Do you have questions? We have answers.

Deann Bogle, an Ask The UMC consultant, looks up answers to one of the many incoming questions the service receives each week. (File photo by Kathleen Barry, UM News.)
Deann Bogle, an Ask The UMC consultant, looks up answers to one of the many incoming questions the service receives each week. (File photo by Kathleen Barry, UM News.)

Can I be confirmed online? Is it ever appropriate to place the Advent wreath on the Lord’s Table? What's the United Methodist position on rebaptism? Can a lay servant wear a robe in the pulpit?  What countries have United Methodist churches? Do apportionments help pay for church camps? How do you get to heaven?

These are only a handful of the thousands of questions received by Ask The UMC, a ministry of United Methodist Communications, the information service for all things United Methodist.

Weekly, the staff answers questions that run the gamut from beliefs and theology to church structure, the work of agencies and what’s going on in The United Methodist Church at large. They are a trusted and unbiased resource for members, leaders and seekers alike. Though the format, name (previously InfoServ) and team members have changed over the years, the mission and work have not.

When individuals submit questions to the Ask The UMC team, team members research the answer and respond or direct the questioner to the best agency or contact in the entire denomination who can assist them.

The team also keeps track of frequently asked questions (FAQs) and creates content for based on those inquiries.

“We’ve found that if we get two or three questions about something, it may mean there is interest in it by many hundreds or thousands more,” notes the Rev. Taylor W. Burton Edwards, director for Ask The UMC.

Although relatively new to the position, he has been an active part of answering questions for the team since 2005 and has been developing feature content since 2018. As an ordained pastor and former director of worship resources for Discipleship Ministries, he provides valuable expertise in liturgy, polity, church history and theology to Ask The UMC.

Over time, the team has worked to build and update a comprehensive knowledge base. The Ask The UMC webpage includes links to many articles that answer frequently asked questions. This self-serve option makes the information readily available to United Methodists and others interested in learning about the denomination. Twenty-one new/revised articles were added last year as a part of the team's continual efforts to keep information timely.

The ever-expanding web series of FAQs touches on a wide range of topics in relation to The United Methodist Church overall, holidays and hot topics centered on issues impacting society. In 2020 alone, the Ask The UMC website section received more than 660,000 page views.

For those who prefer one-on-one assistance, the team is readily available to provide help. The team can provide personal interaction with those seeking help via a live chat, email or telephone call. The group also provides information as needed to the UMC Facebook team as it responds to messages. At times, these multitasking pros can be working on an email, live chatting and be on the phone all at the same time.

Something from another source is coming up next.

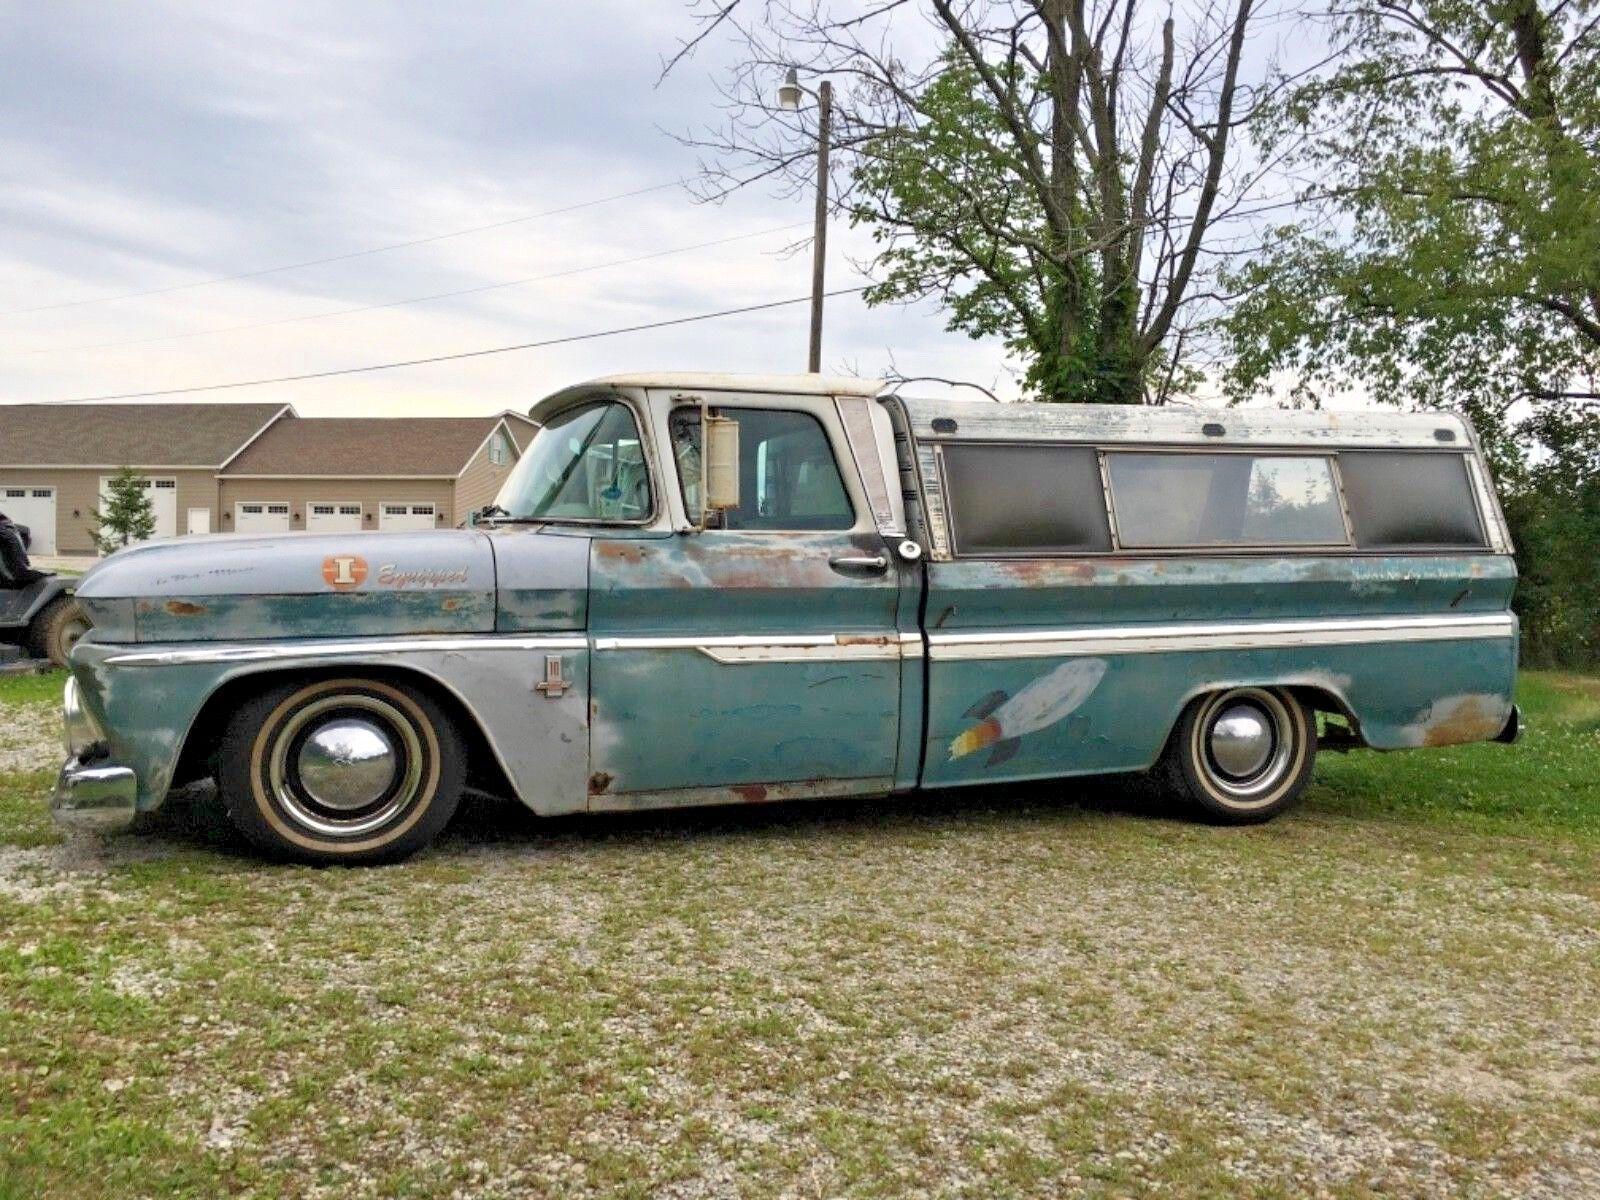 1963 Chevrolet C-10  1963 chevy fleetside c10 pickup 8ft bed patina

On average, the team fields 600-1,200 questions per month, with much higher volumes around the time of General Conference and when social issues dominate the news.

“Our team is dedicated to getting people details quickly and in the way that best meets their needs,” Burton Edwards says. “We want to alleviate fears that can be caused by lack of information by helping people find information, gain clarity, educate themselves and be equipped to better inform others.”

Deeann Bogle, a United Methodist layperson who is a part of the Ask The UMC team, says, “I think it’s a really positive thing to be able to offer this service, as finding information, resources and contacts within The United Methodist Church is not always an easy task."

Bogle, who has years of experience on the team, specializes in live chat and the Find-A-Church service.

“It’s helpful to be able to click a button online, submit a question and get a good answer, often with supportive links, within just a day or two (during the workweek).”

No church-related questions are off-limits for the team. The team members will answer questions about Christian beliefs, living out their faith, what the church believes and practices as well as how the church does its work at every level. They’ll even help people work through deep personal needs and concerns about things going on in society, how the church responds and how the church can help them think through things.

Committed to aiding the global church, their frequently asked questions are, over time, being made available in multiple languages: English, French, Spanish, Portuguese and Korean. This information is also shared with denominational staff to identify educational opportunities and resources to help church communications.

No matter your question or means of communication, when you reach the Ask The UMC team, you can be confident that you’ll get a prompt, accurate, thoughtful and caring response grounded in the official positions, theology and polity of The United Methodist Church.

*Brenda Smotherman is associate director, PR, at United Methodist Communications.